=== TASK OBJECTIVE ===
Please reproduce the listing word for word. Pictures stay out.

=== DATA SEGMENT ===
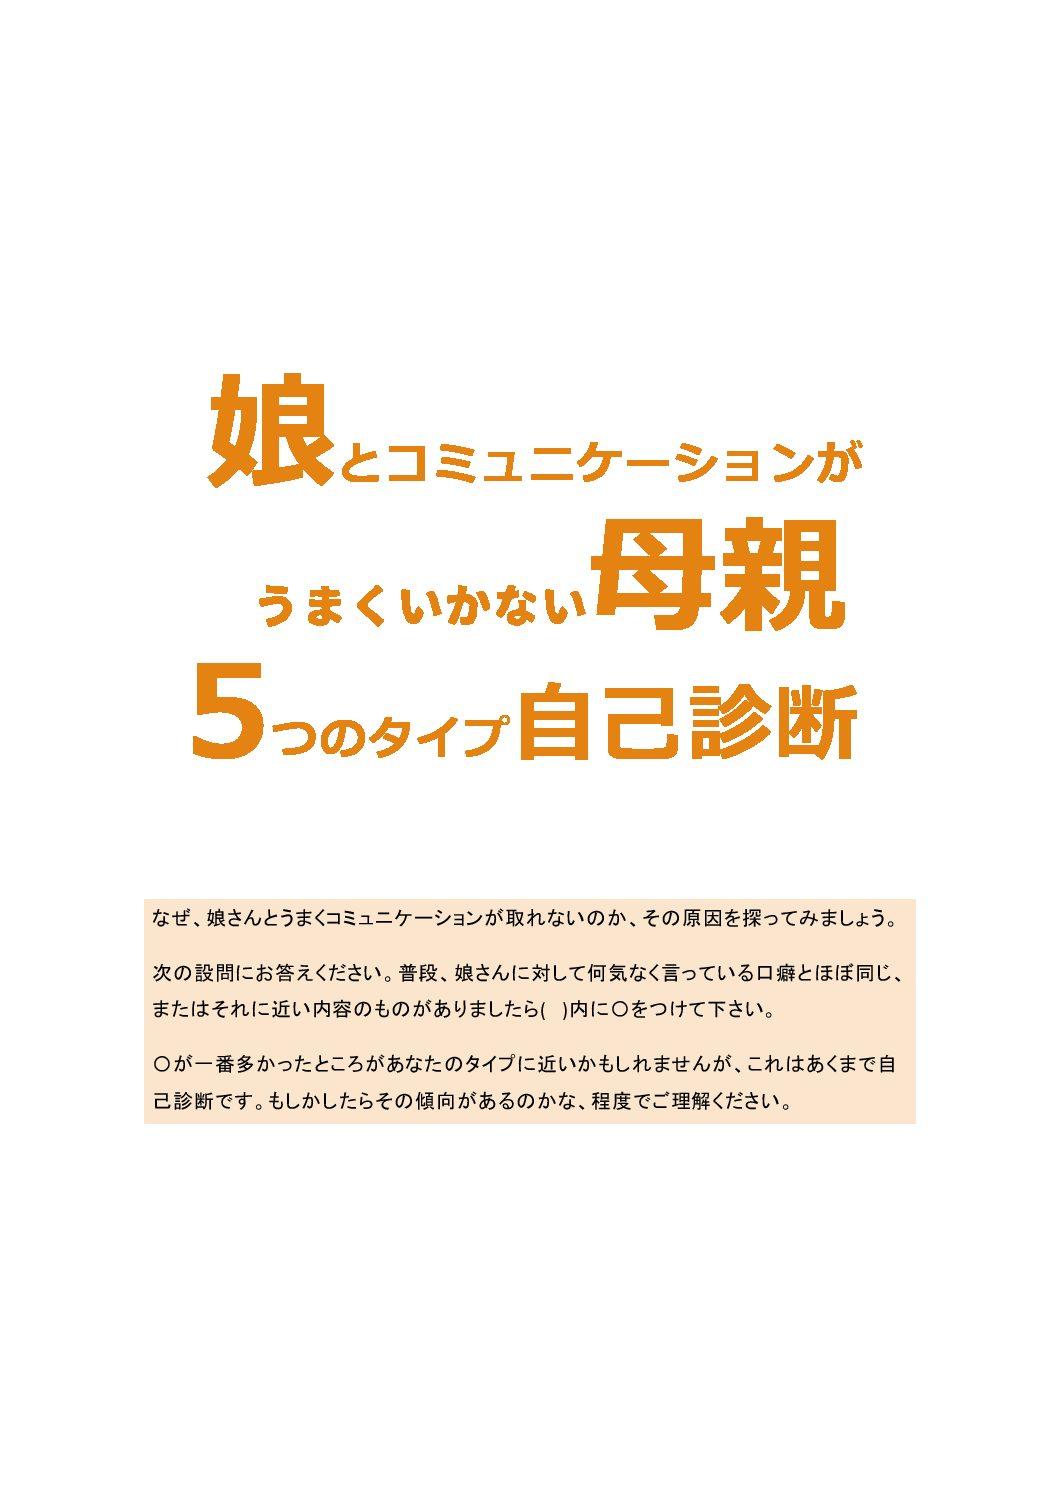 5types-self-check
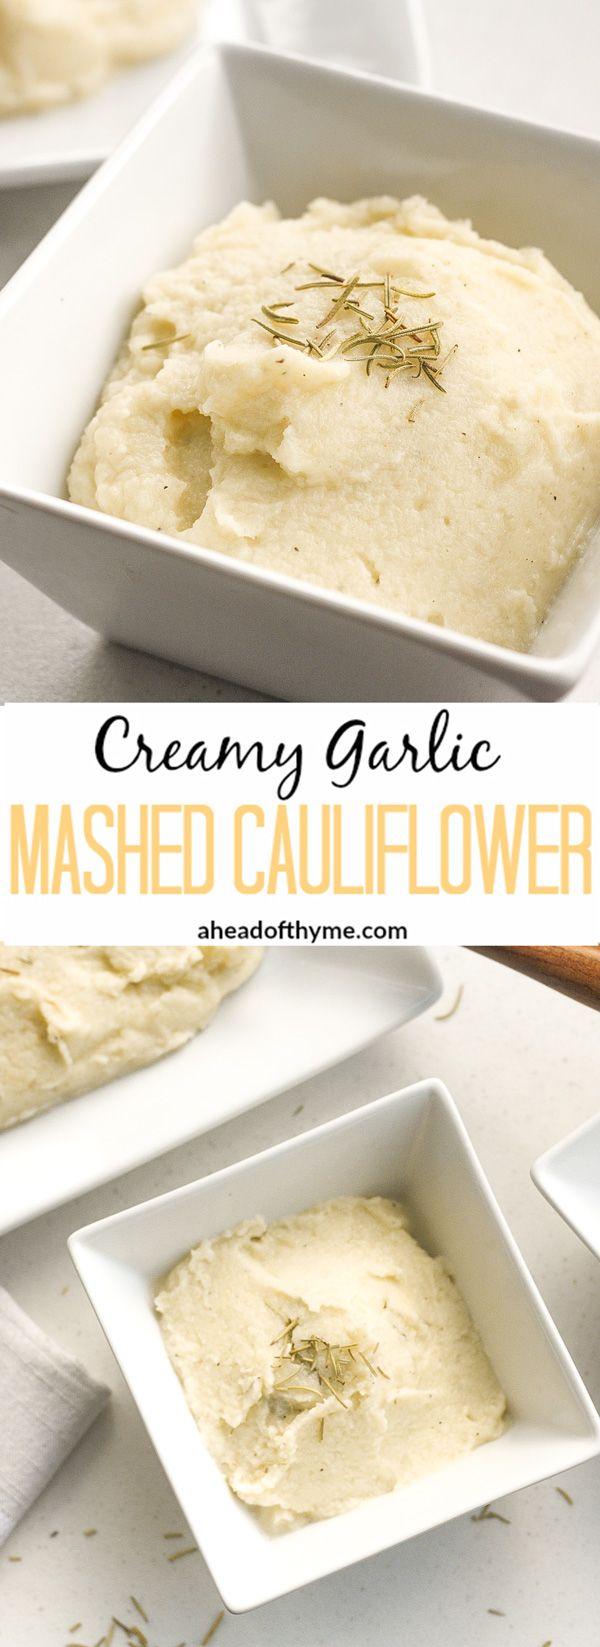 Creamy Garlic Mashed Cauliflower: Imagine having a nice big serving of mashed…
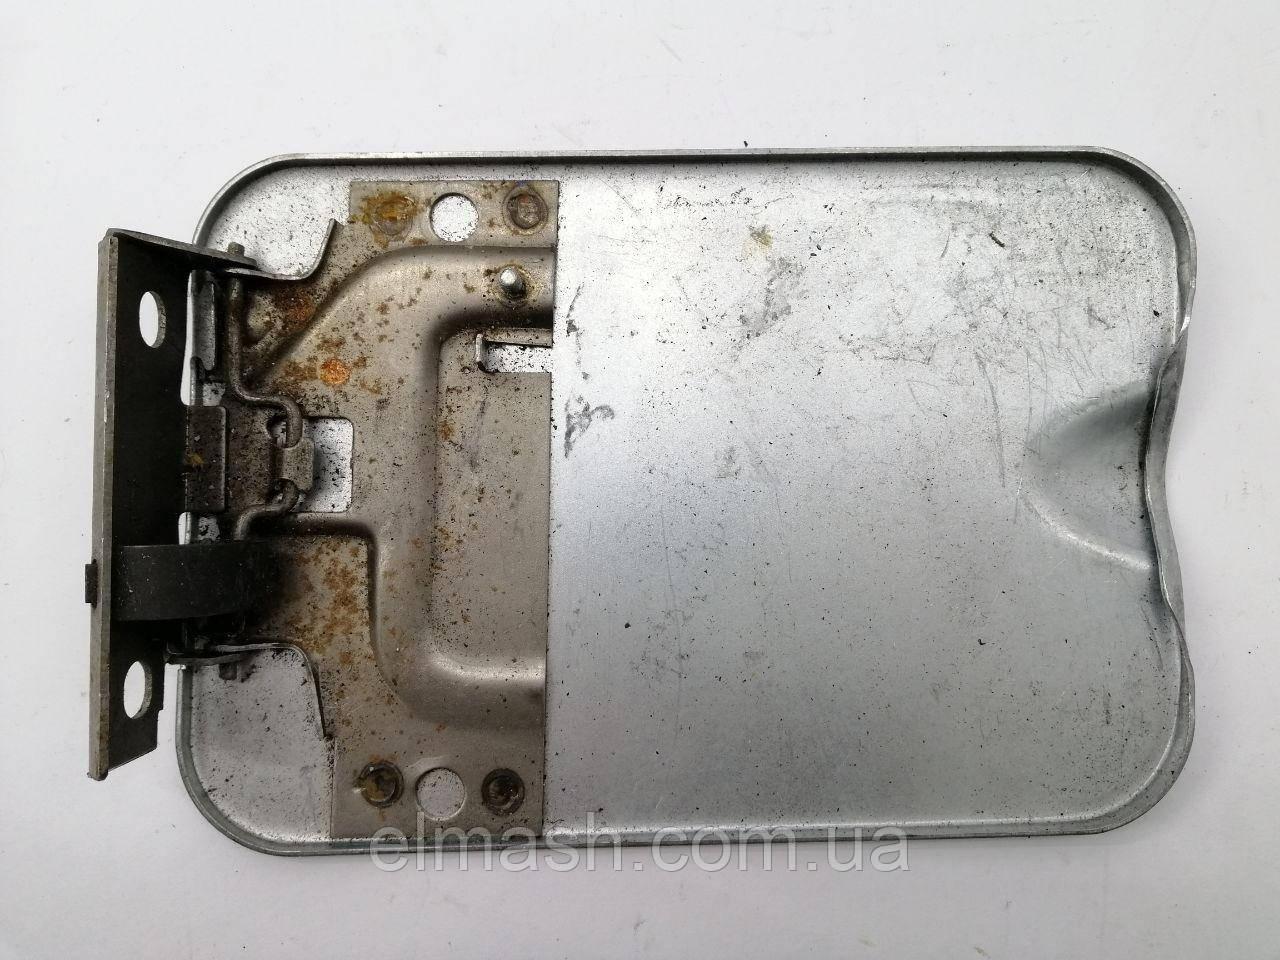 Крышка люка бензобака ВАЗ 2110 (пр-во Тольятти)

=== SOLUTION FOR THIS EXERCISE ===
 5types-self-check
 Creamy Garlic Mashed Cauliflower: Imagine having a nice big serving of mashed…
 Крышка люка бензобака ВАЗ 2110 (пр-во Тольятти)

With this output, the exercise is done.